DIRECTIONS —
Only the lines below from the one containing "Get the lowdown" through the one containing "#flange #flanges #threadedflange" belong in the answer, repeated exactly and without pictures.

MATERIALS PROVIDED —
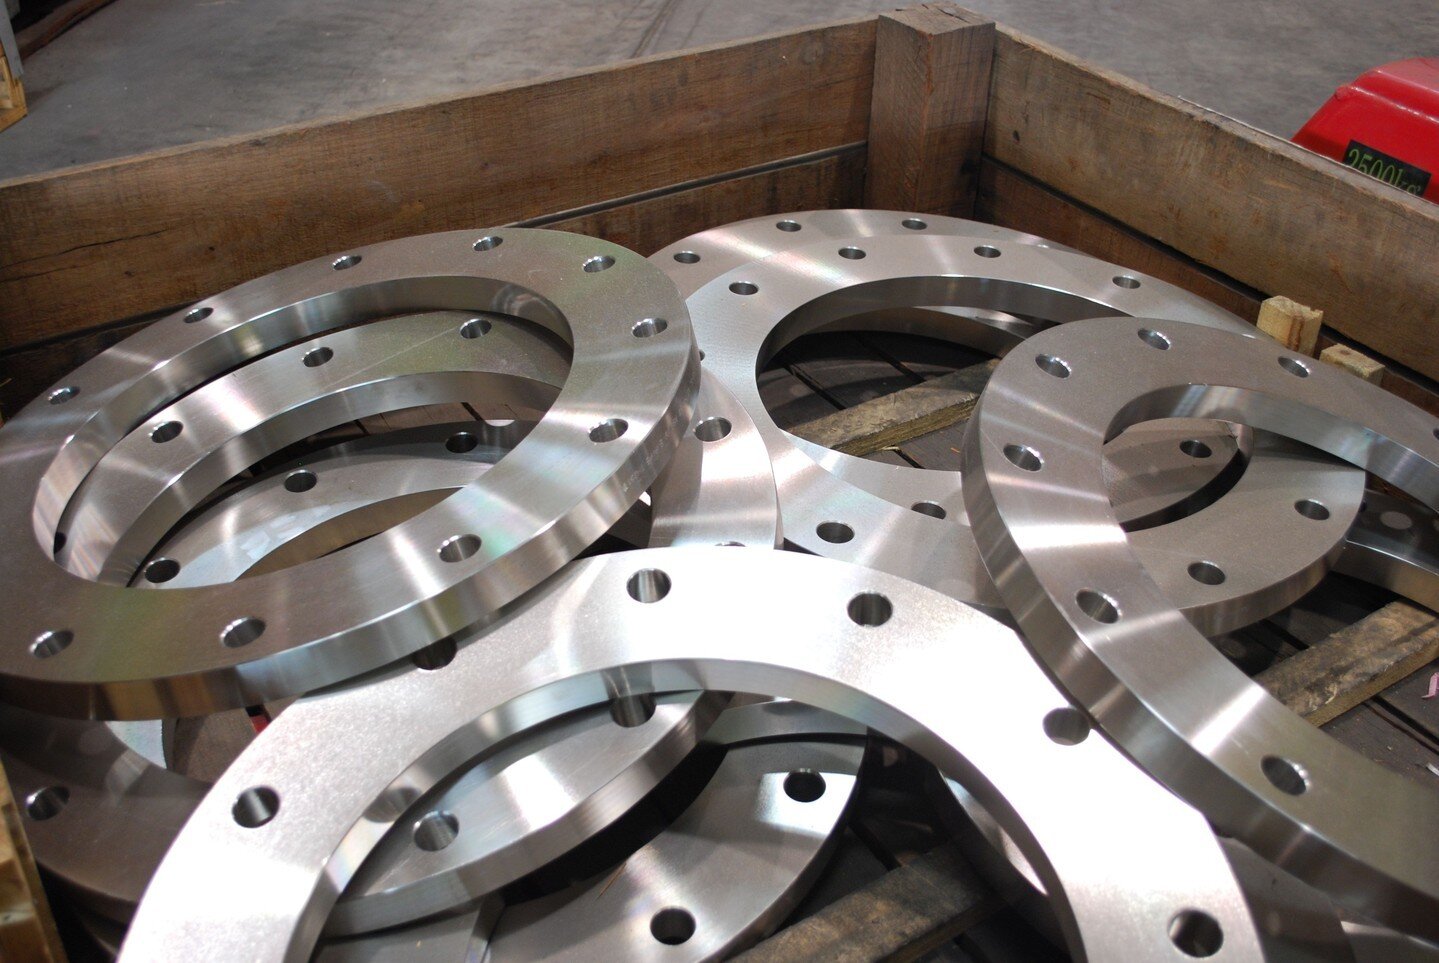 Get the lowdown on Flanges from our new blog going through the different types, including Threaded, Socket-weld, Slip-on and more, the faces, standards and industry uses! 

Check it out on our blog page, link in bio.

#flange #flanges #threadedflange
...
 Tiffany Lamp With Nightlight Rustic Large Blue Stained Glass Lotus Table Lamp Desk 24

ANSWER FOR THIS EXERCISE —
 Get the lowdown on Flanges from our new blog going through the different types, including Threaded, Socket-weld, Slip-on and more, the faces, standards and industry uses! 

Check it out on our blog page, link in bio.

#flange #flanges #threadedflange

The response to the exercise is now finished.